In today’s economic environment, some segments are doing better than others, which are primarily related to the end markets being served. Fortunately, not every market or country is in a recession and some of our businesses are doing very well now and will continue to do so driving our future increased result.

We still have the opportunity to increase our operating margins from the record level we generated this quarter with the improvements, which will come from CLC Air or to maintain these margins and invest even more in growth programs, which will result in more top line growth, the bottom line increasing with either alternative.

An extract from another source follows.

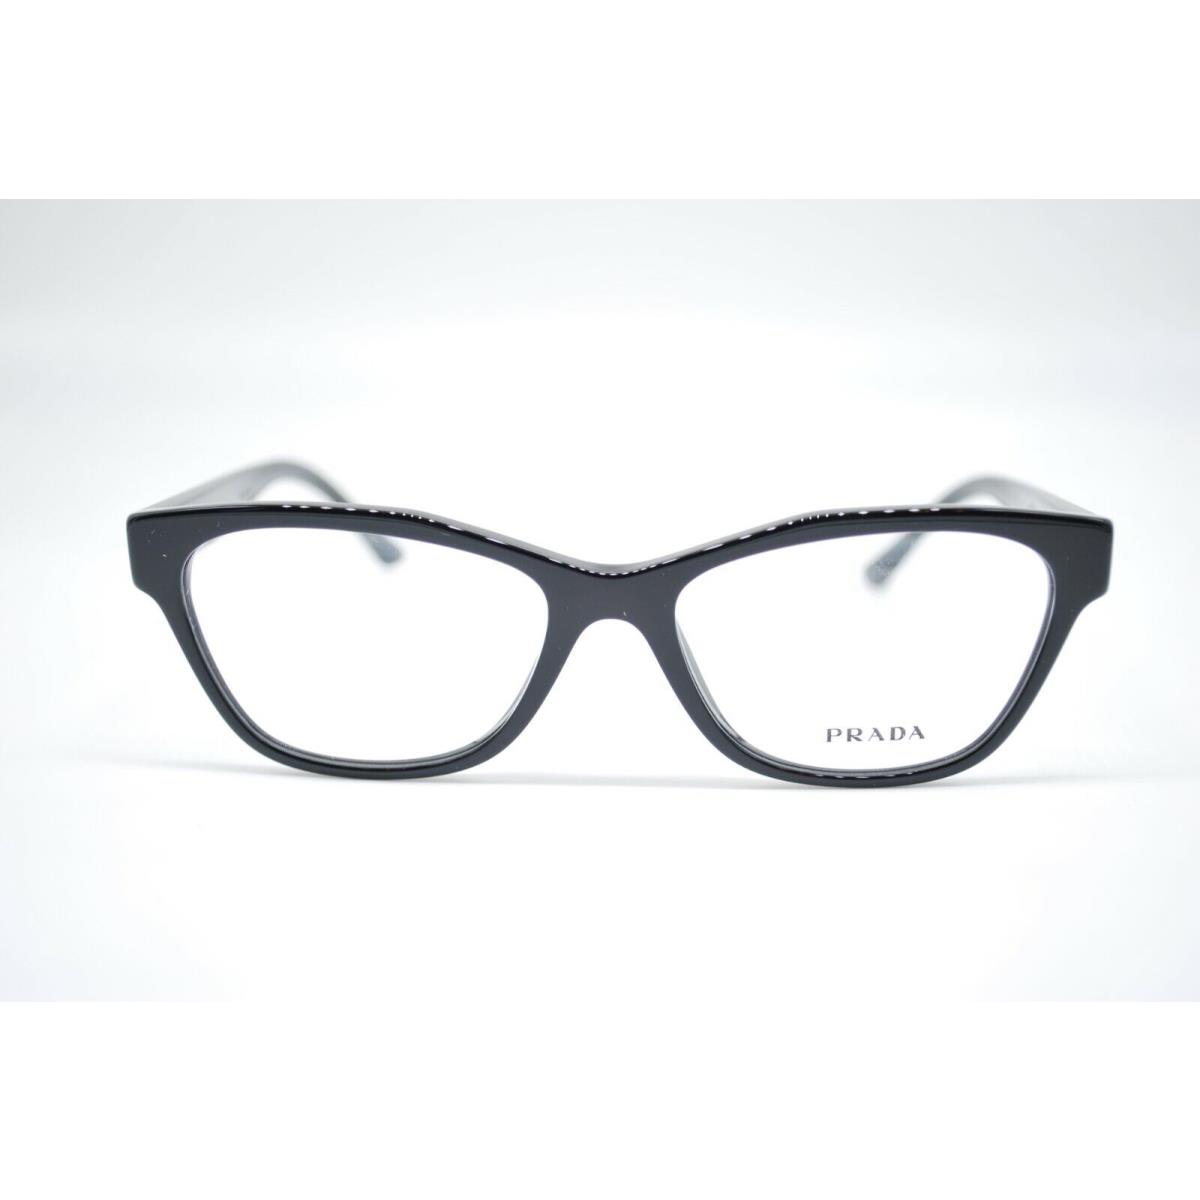 Prada eyeglasses VPR - Frame: Black 1
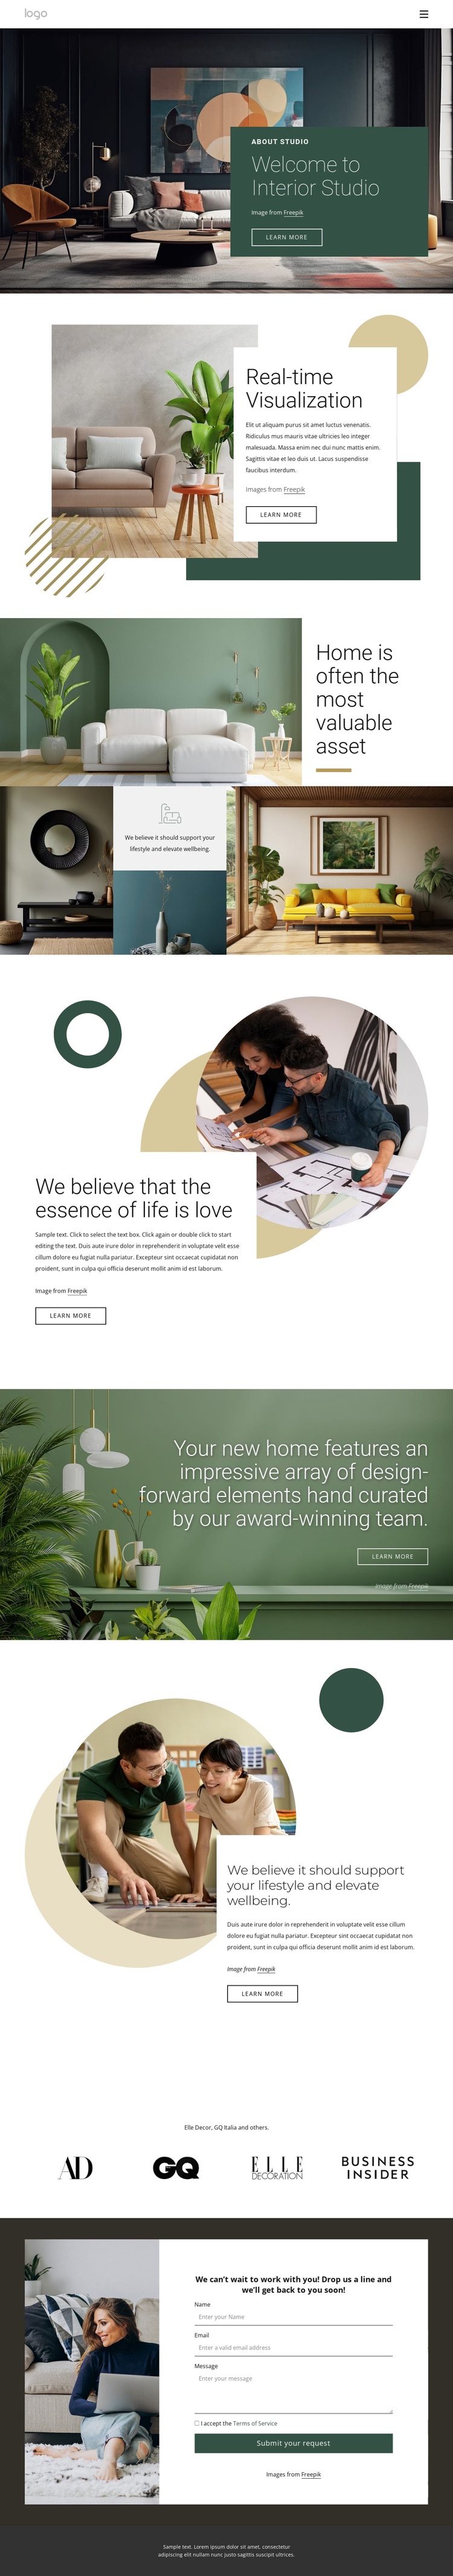 Award-winning interior design studio Joomla Page Builder

Our recurring revenue business generates consistent earnings growth and cash flow in good and bad economy. We have significant growth opportunities around the world, in fact more than we’ve ever had as we serve more end used market. Probably, even more important, we have the ability to fund them and the organization to manage them. We believe CLARCOR is stronger than ever. Bruce will now review the financials then I will discuss these opportunities in our outlook for the future.

Bruce Klein

I want to talk about various financial matters this morning, and first address raw material costs. Raw material price increases certainly has impacted in our cost this quarter, as they have had in the first six months of this year as well.

Even though we have softening, recently in oil and certain commodity prices, this has not affected our material purchasing cost as you had. So, we expect this to change at least price decreases hold. For the year-to-date compared to our cost at beginning of the year, purchase prices for raw materials have increased by over $10 million. That is to say our cost of sales would have been more than $10 million less, than it was if raw material cost will stay the same throughout the year.

In fact that our gross margins have actually increased from last year is really due to three factors; first we acquired Peco at beginning of the fiscal year and its gross margins were higher than CLARCOR’s were last year. Second, we have converted sales flow and attached it to most, but not all of our raw material cost increases.